WORK REQUIRED: Please copy out the full listing that follows exactly; no picture belongs in the copy.

PROVIDED DATA:

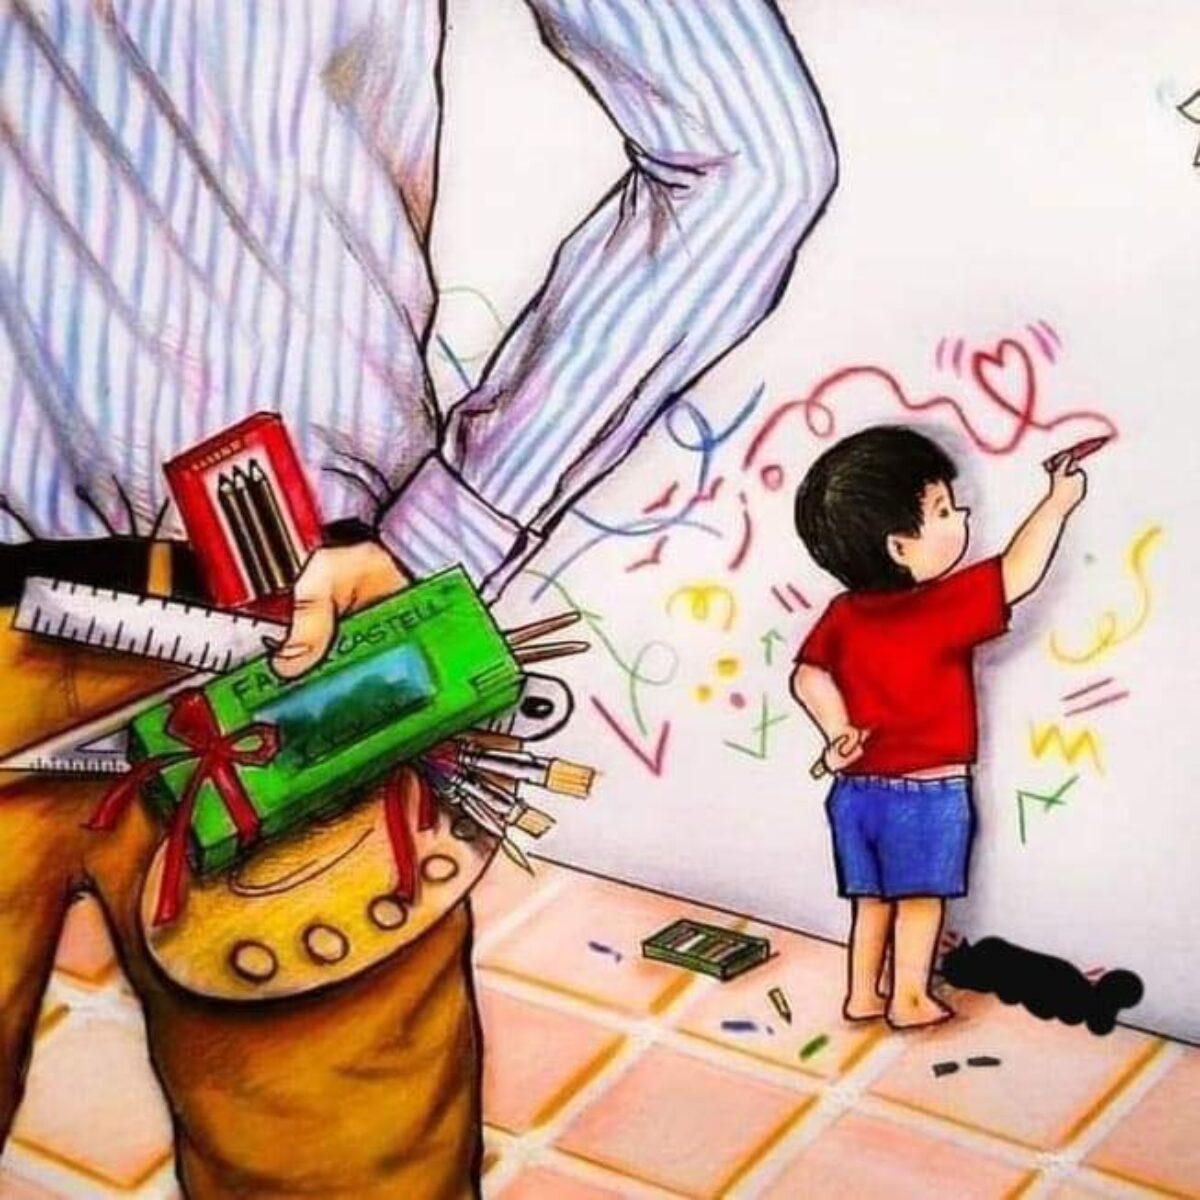 Εσύ αποφασίζεις πώς θέλεις να σε θυμούνται τα παιδιά σου.
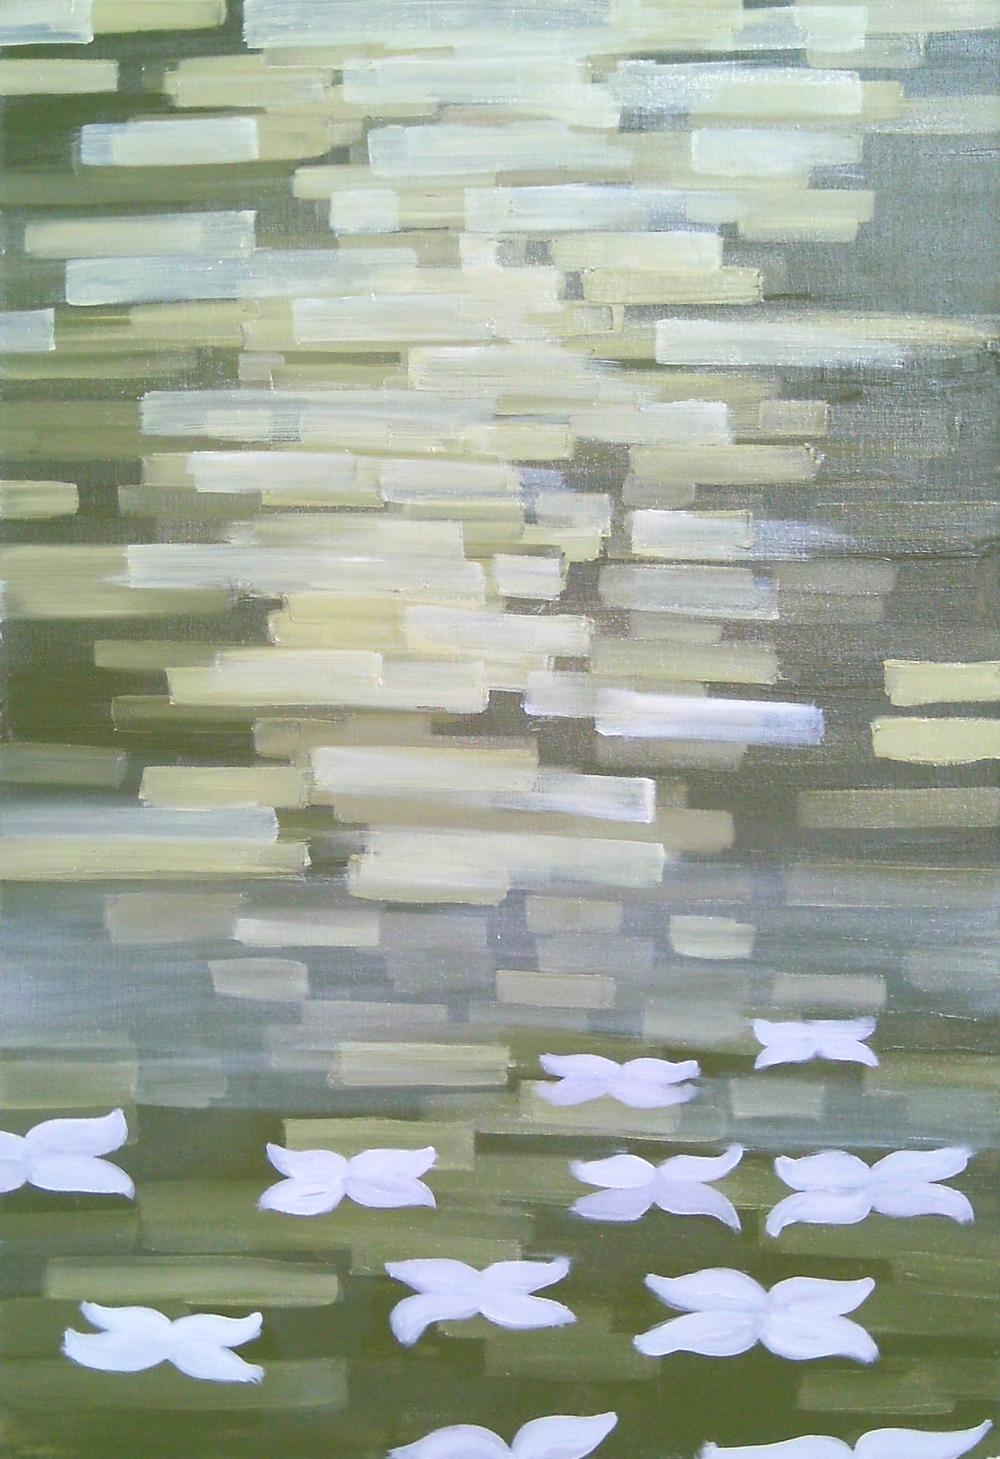 Mauve Flowers and Leaf-Light, Oil on canvas
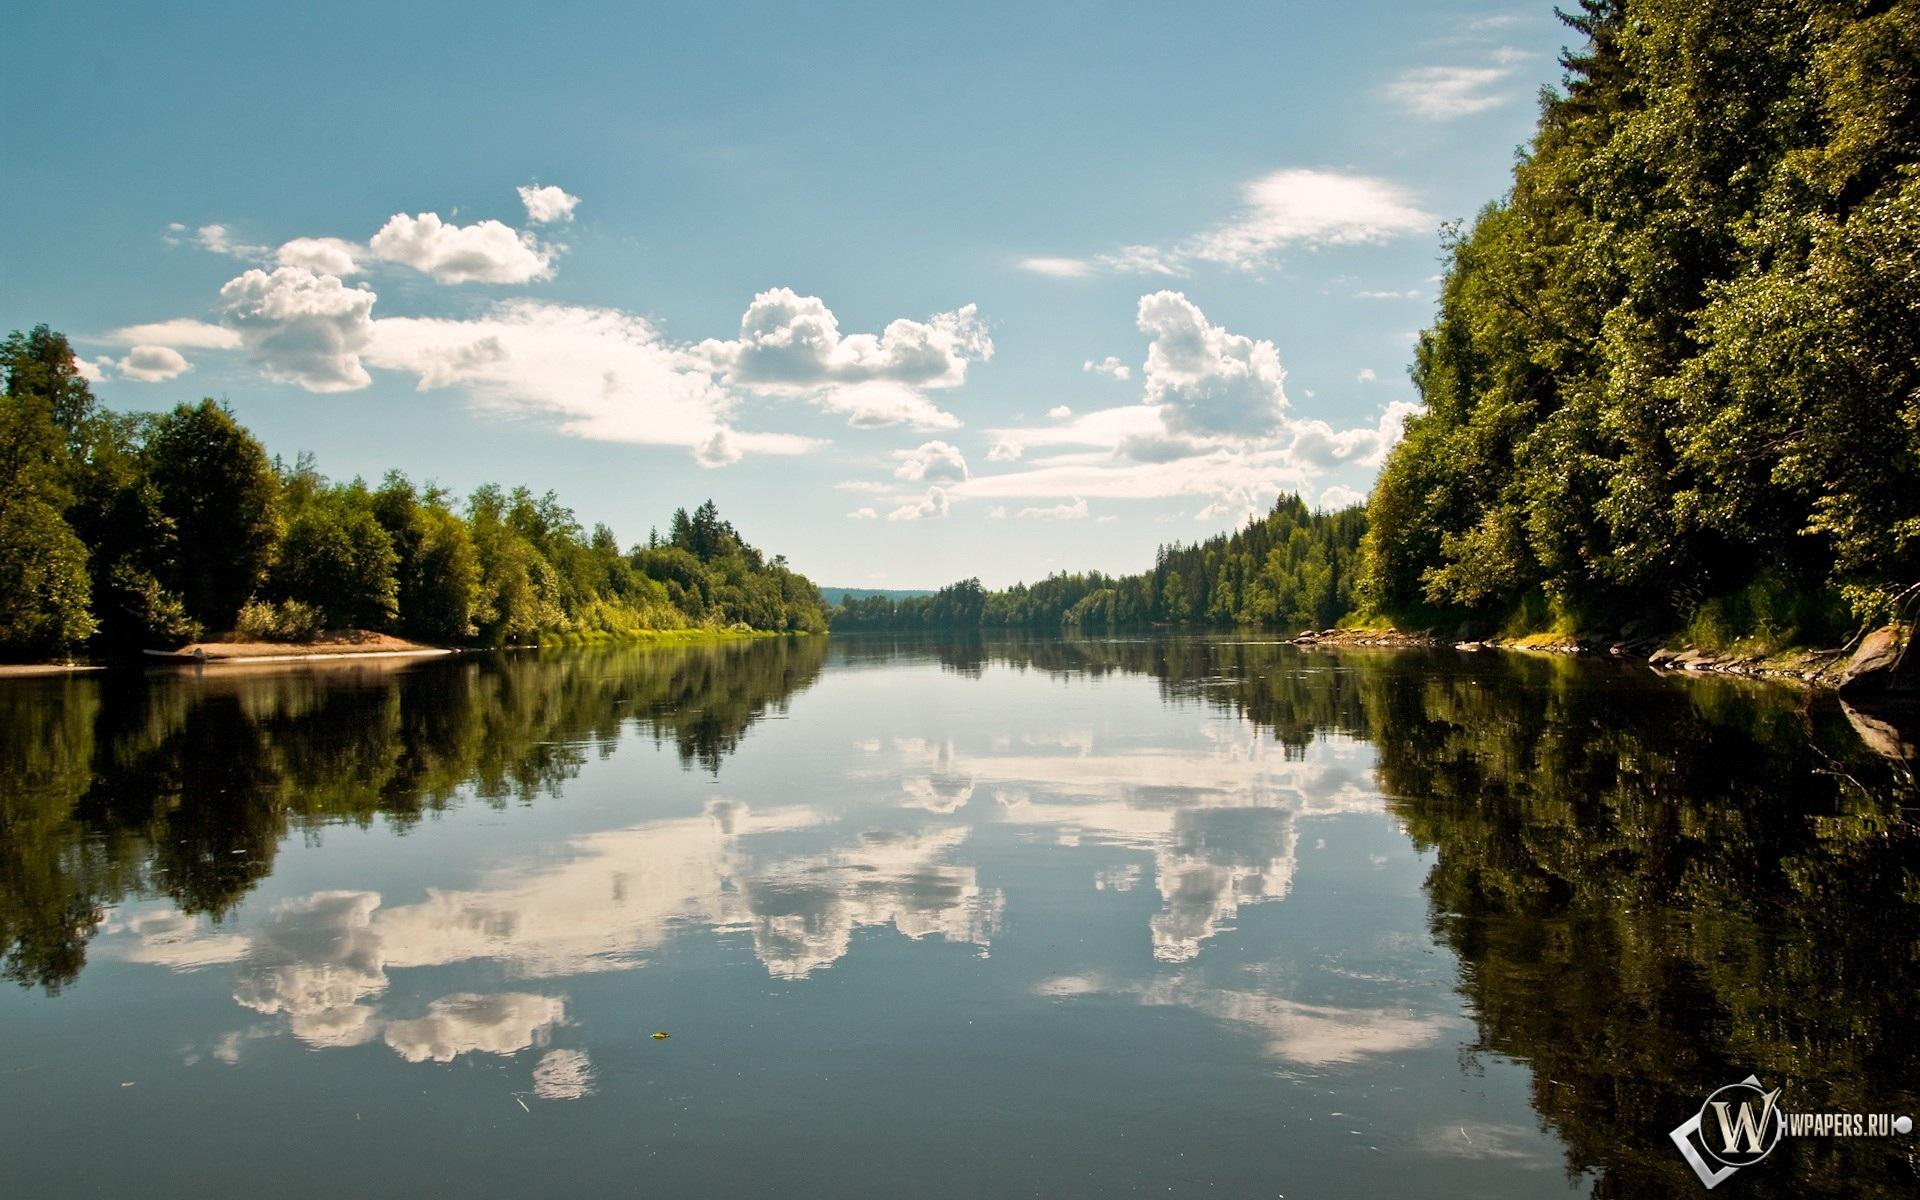 Отражение в реке 1920x1200
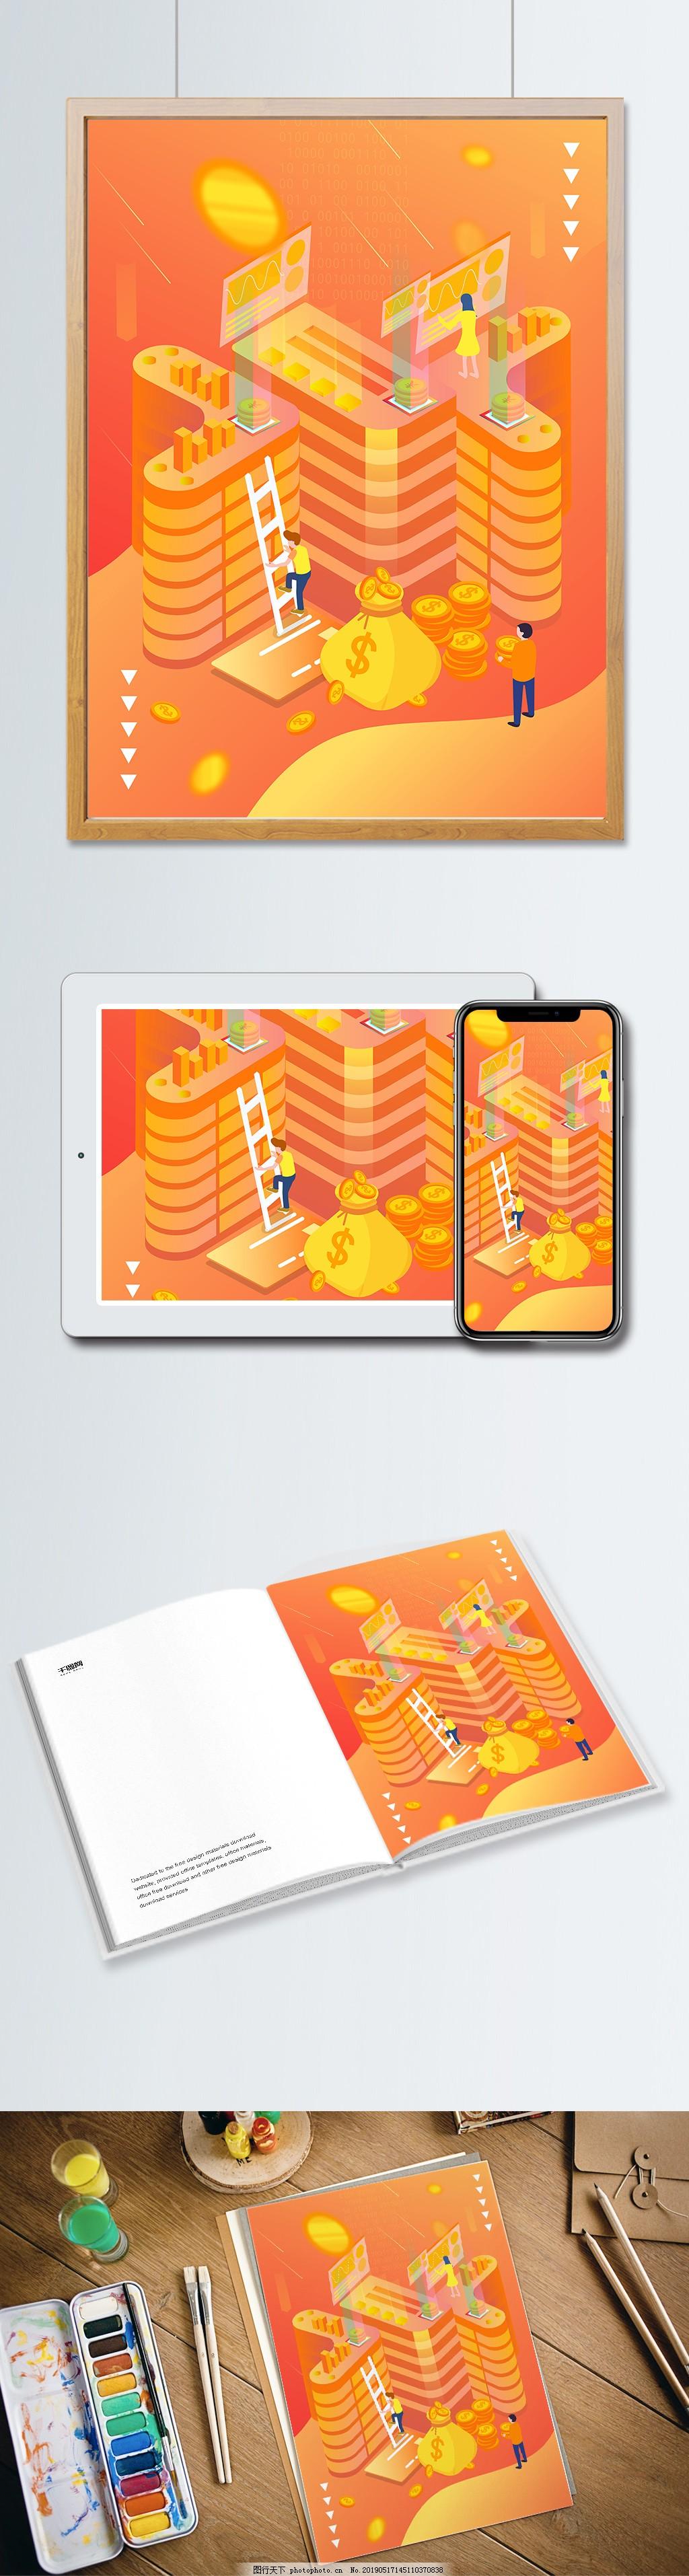 2.5D卡通矢量未来科技金融插画

TASK RESULT:
 Εσύ αποφασίζεις πώς θέλεις να σε θυμούνται τα παιδιά σου.
 Mauve Flowers and Leaf-Light, Oil on canvas
 Отражение в реке 1920x1200
 2.5D卡通矢量未来科技金融插画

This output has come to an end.